The law mandates that any remaining royalties must be spent on funding additional research on campus or in educational efforts. 

The original Bayh-Dole bill contained a “government payback provision” which was dropped at the request of several agencies which didn’t want to have to track license agreements and said their best return on investment was having inventions resulting from their grants turned into useful products growing the economy while benefitting taxpayers. History shows they were correct. 

Ironically, Lutnick’s idea would cost the government much more money than it would generate, as draining the royalties needed by academic institutions to fund their technology transfer efforts means fewer technologies, jobs, companies, and even industries created—all of which generate much more in tax revenue than the proposed “royalty tax.”   

Furthermore, seizing royalties would harm states across the nation, as university innovation is an important driver of local and regional economic development.  
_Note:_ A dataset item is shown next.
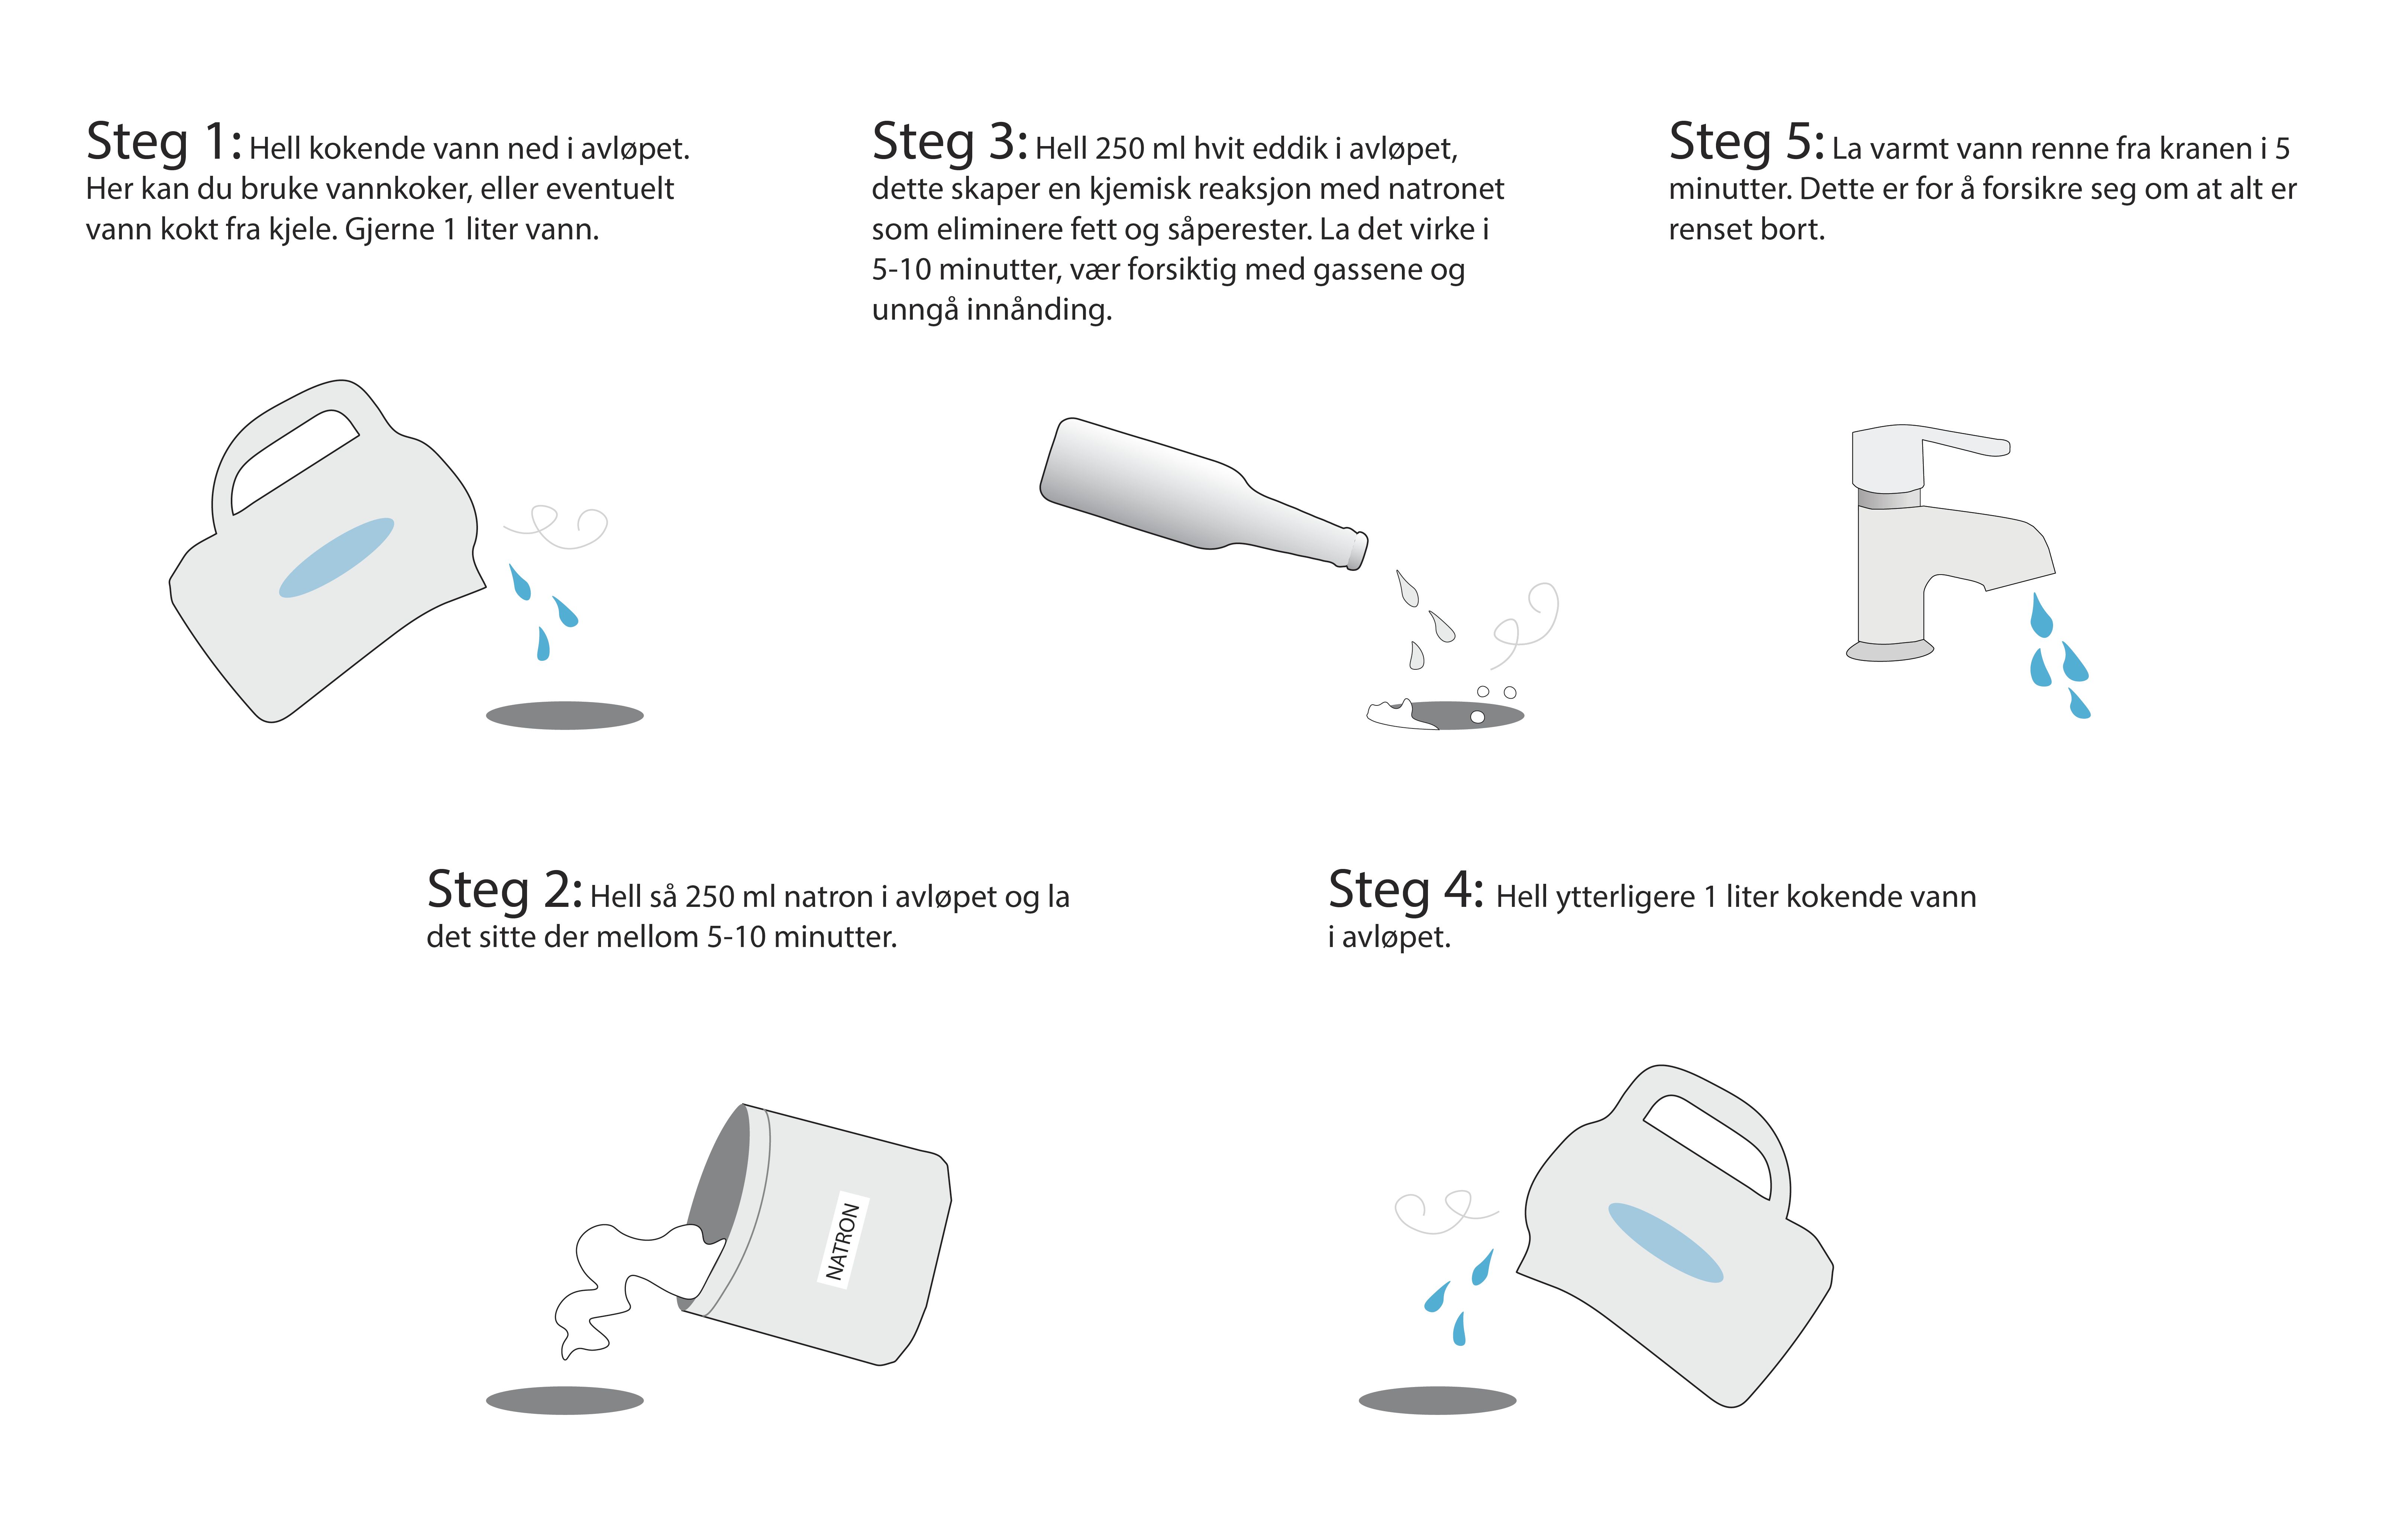 en illustrasjon av hvordan man kan rense tette sluk med kokenda vann, hvit eddik og natron

Like before, a broad coalition has been formed to oppose the proposed ‘royalty tax’ and defend the how’s and why’s of Bayh-Dole. The coalition’s work has led to indications that the Administration recognizes this approach may be counterproductive, both economically and politically. 

We’re not out of the woods yet, but we can say that as a result of these attacks, there’s a much greater appreciation of what the Bayh-Dole system does and the tremendous public return on investment (ROI) it generates.   

In addition to the money, there’s a more important benefit which is hard to quantify. At the 30th anniversary of the law, cancer survivor Betsy de Parry hugged Senator Birch Bayh, saying, “Without your law, I would not be alive today.” The lives benefitted, both here and abroad, is the most important ROI.  

That’s why we do what we do. That’s why we can’t give up the fight.